— What to do —
Please copy the listing that follows exactly, leaving out any pictures.

— Data extract —
........

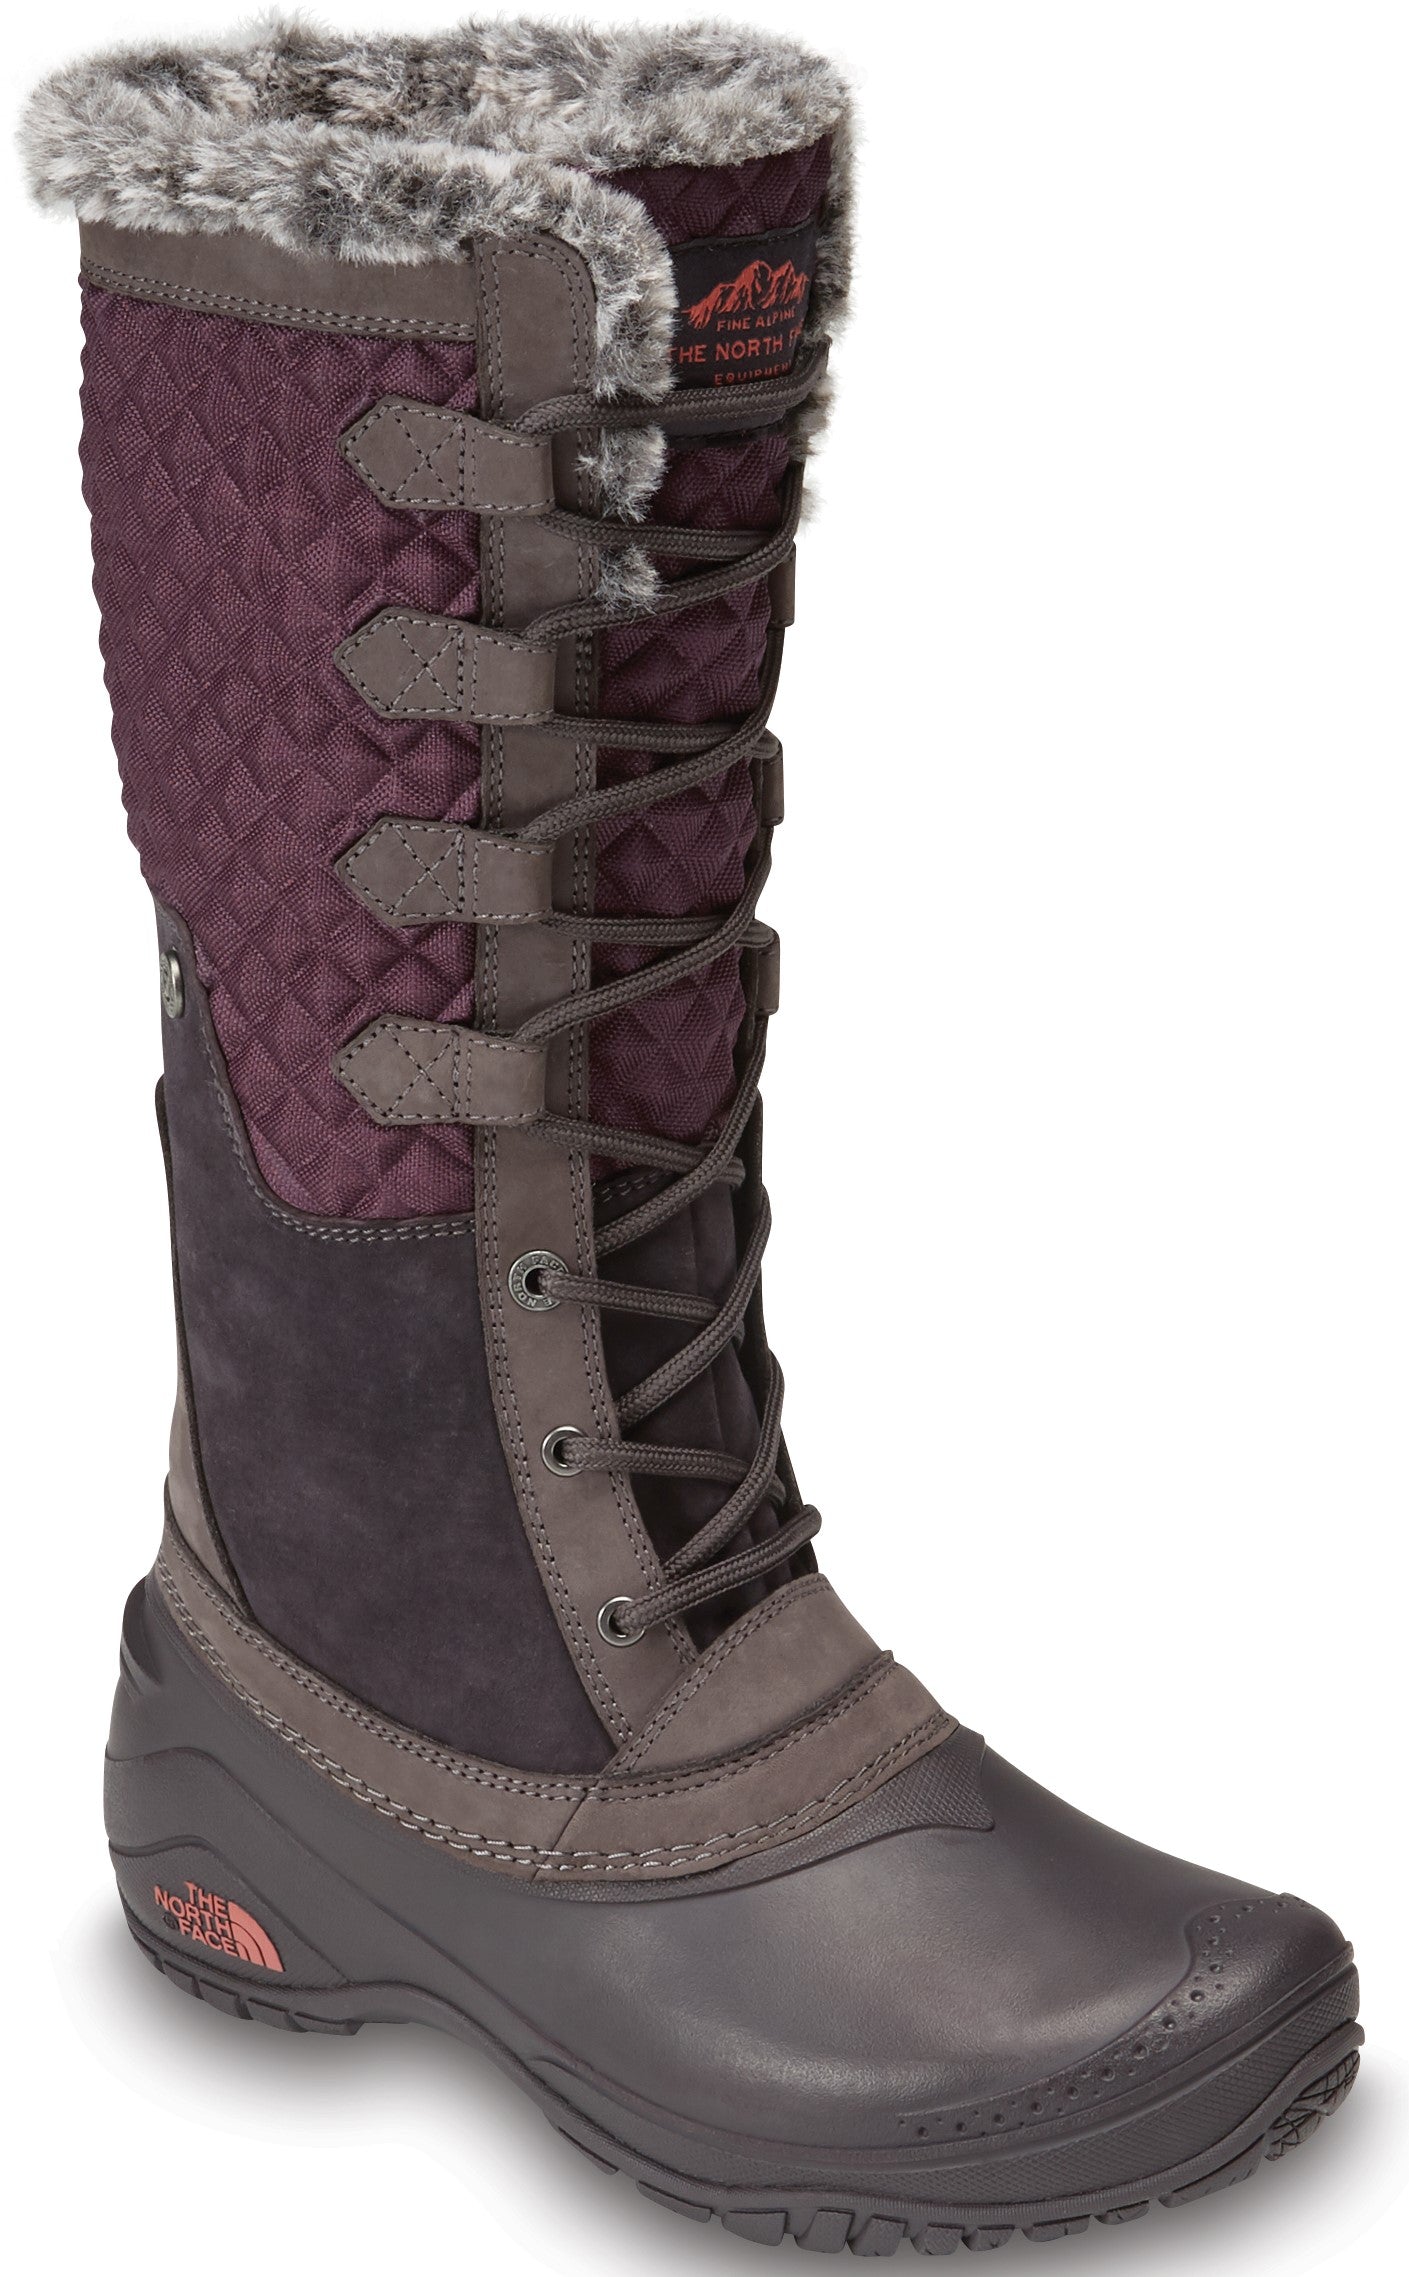 shellista iii tall boot
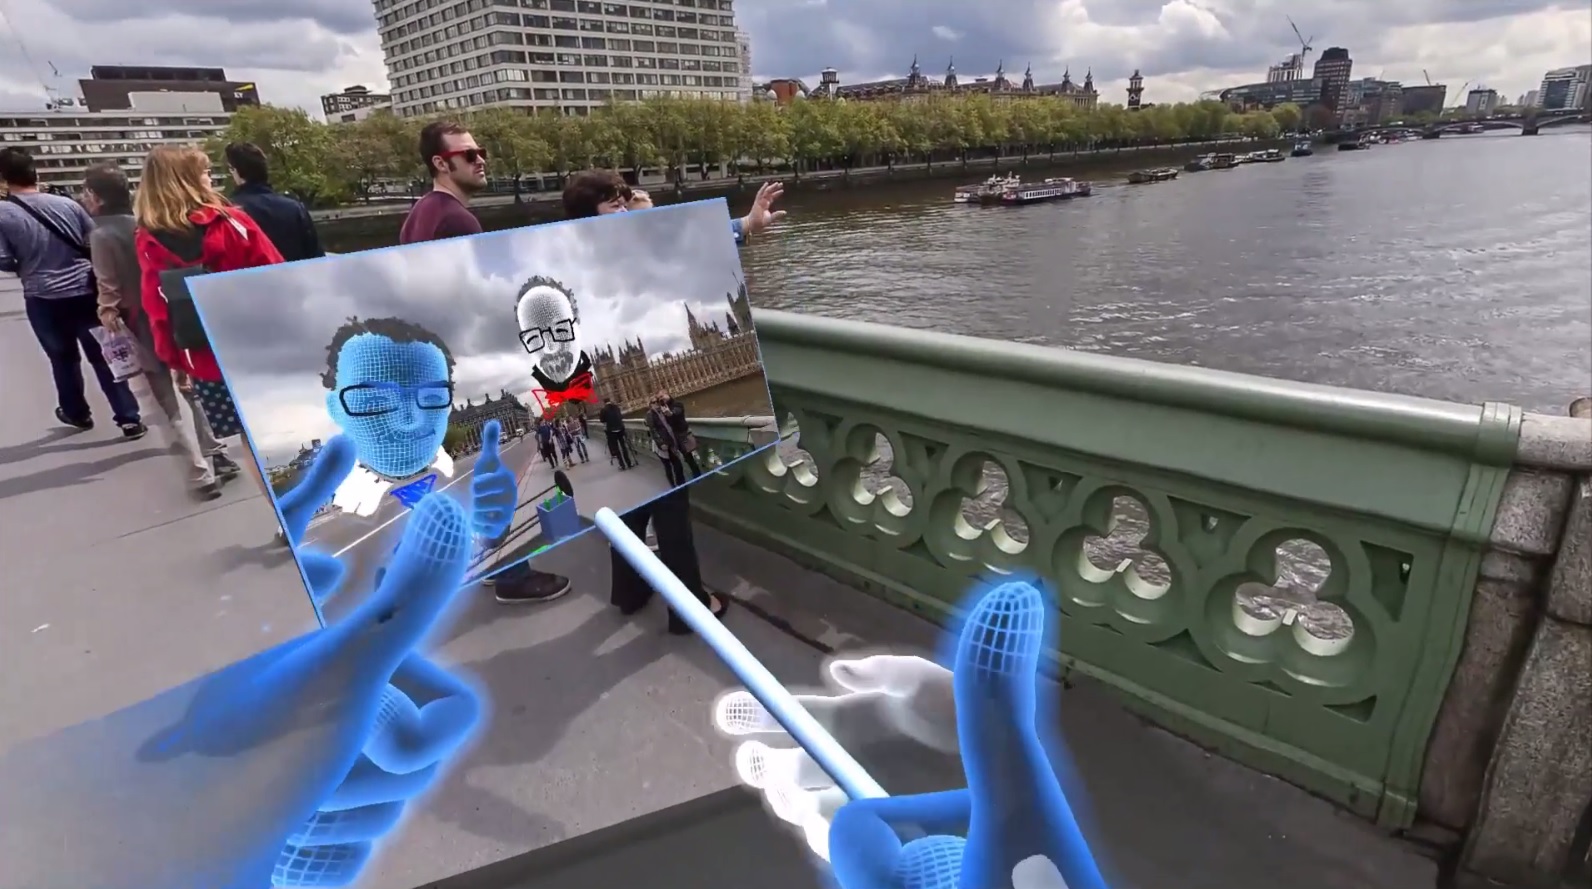 Wirtualny kijaszek do selfie w VR... fot. ujęcie z prezentacji video.
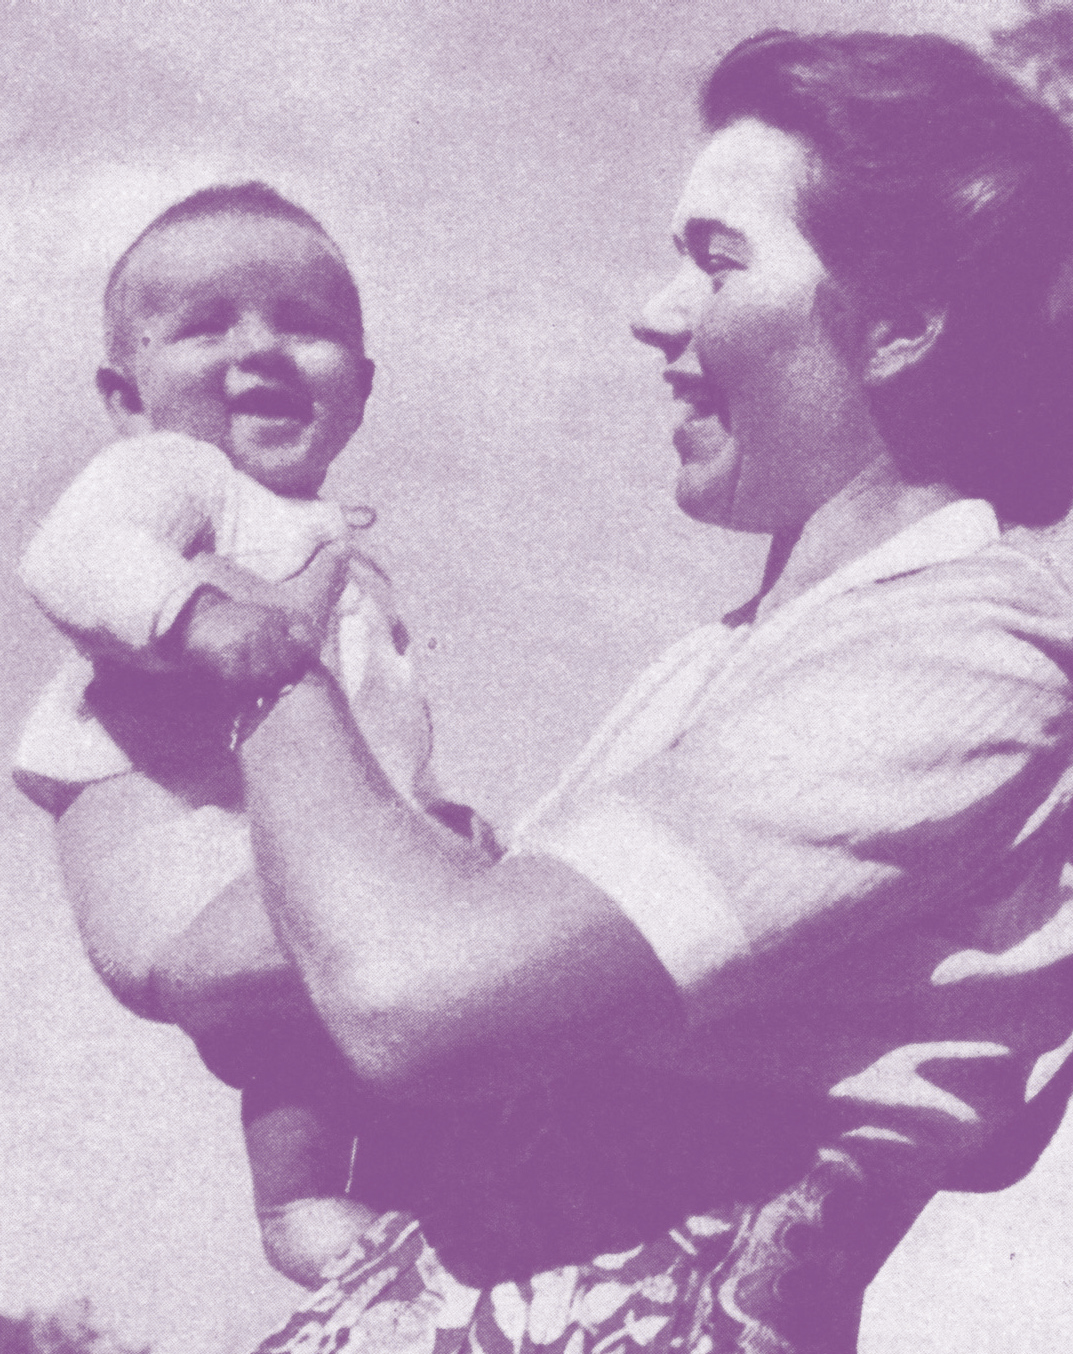 Aus den 1940er-Jahren: Eine Mutter hält ihr Kind vor sich

........

— Answer for the task —
 shellista iii tall boot
 Wirtualny kijaszek do selfie w VR... fot. ujęcie z prezentacji video.
 Aus den 1940er-Jahren: Eine Mutter hält ihr Kind vor sich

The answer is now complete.